- **ABOUT THIS TASK**: Copy out only the lines running from the one that contains "Alexandrite & Diamond" through the end of the listing. Pictures stay out.

- **SOURCE MATERIAL**:

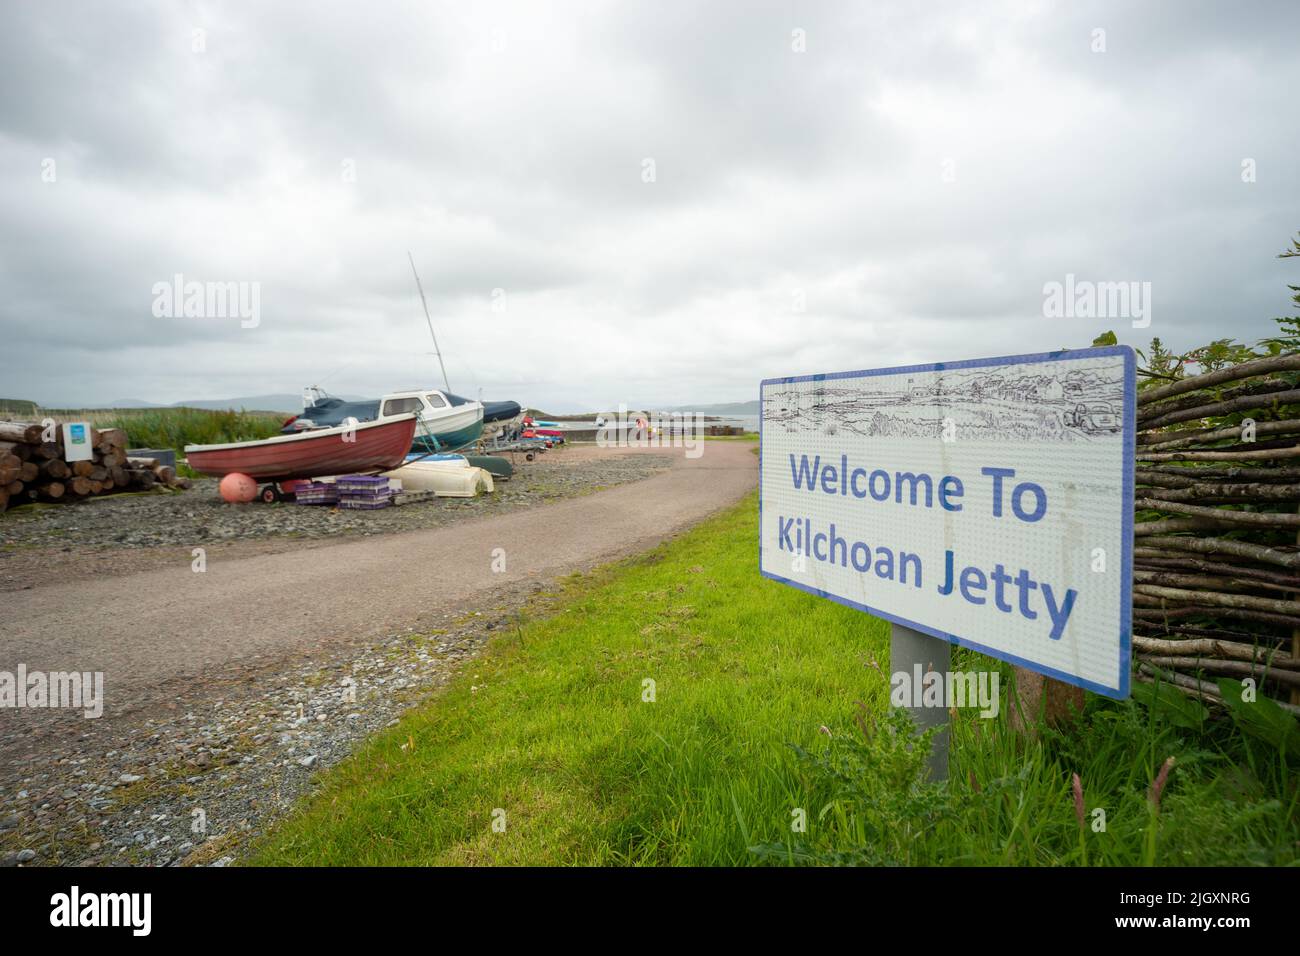 Welcome to Kilchoan Jetty, sign in Kilchoan, Scotland, UK Stock Photo
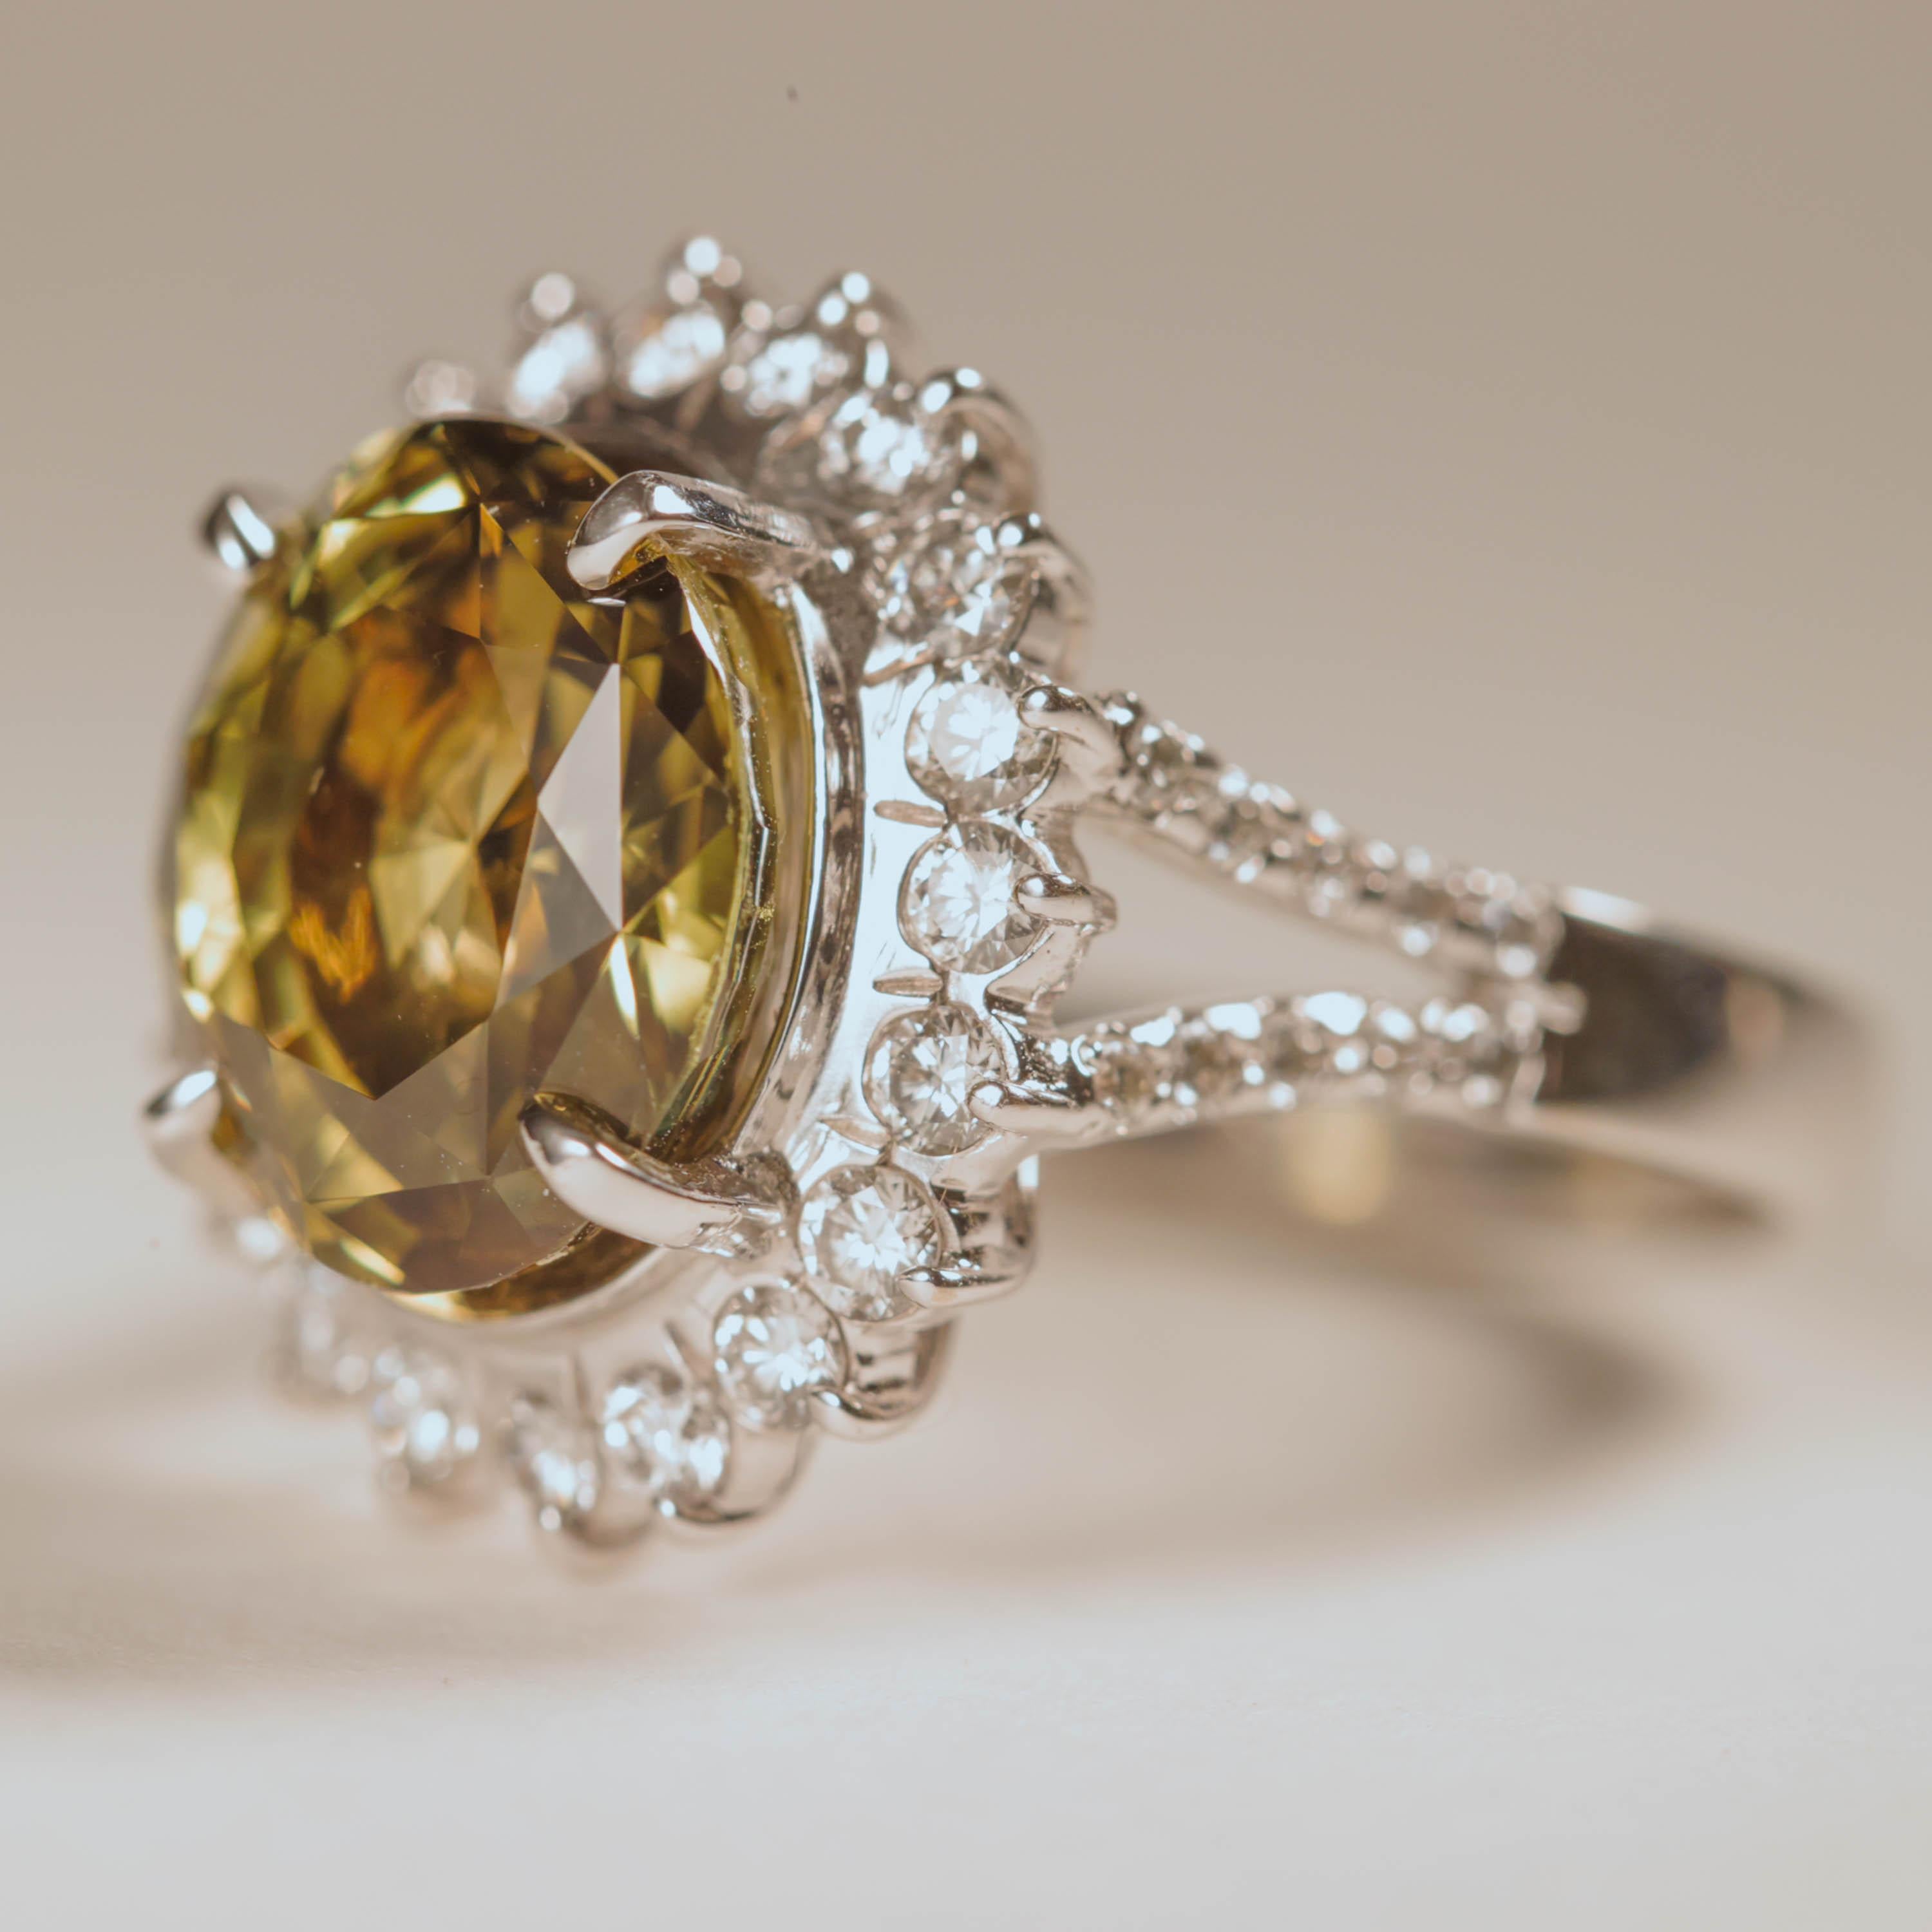 Alexandrite & Diamond Ring 7.35 Carats, Rare Color Change Gem Certified 6
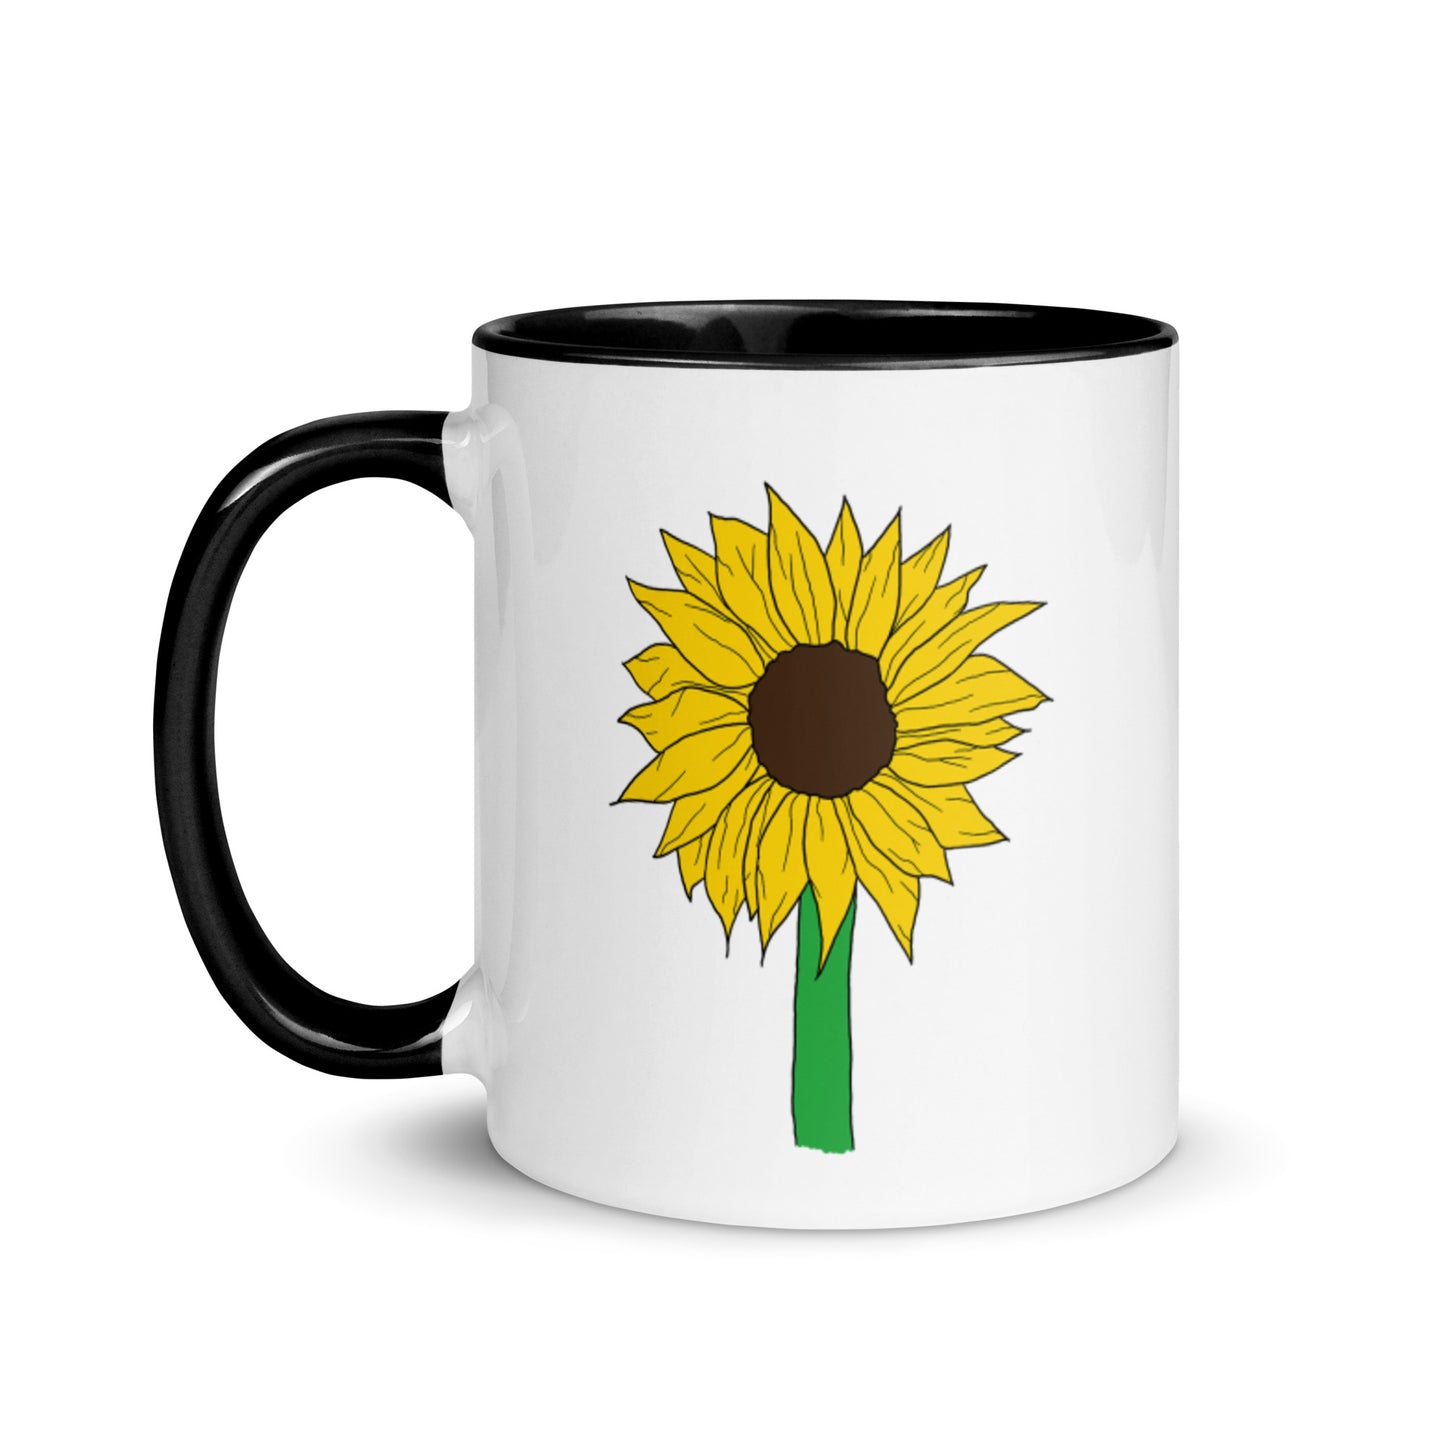 Sunflower Mug 11 ounce - FREE Shipping

- **FINISHED TASK**:
 Alexandrite & Diamond Ring 7.35 Carats, Rare Color Change Gem Certified 6
 Sunflower Mug 11 ounce - FREE Shipping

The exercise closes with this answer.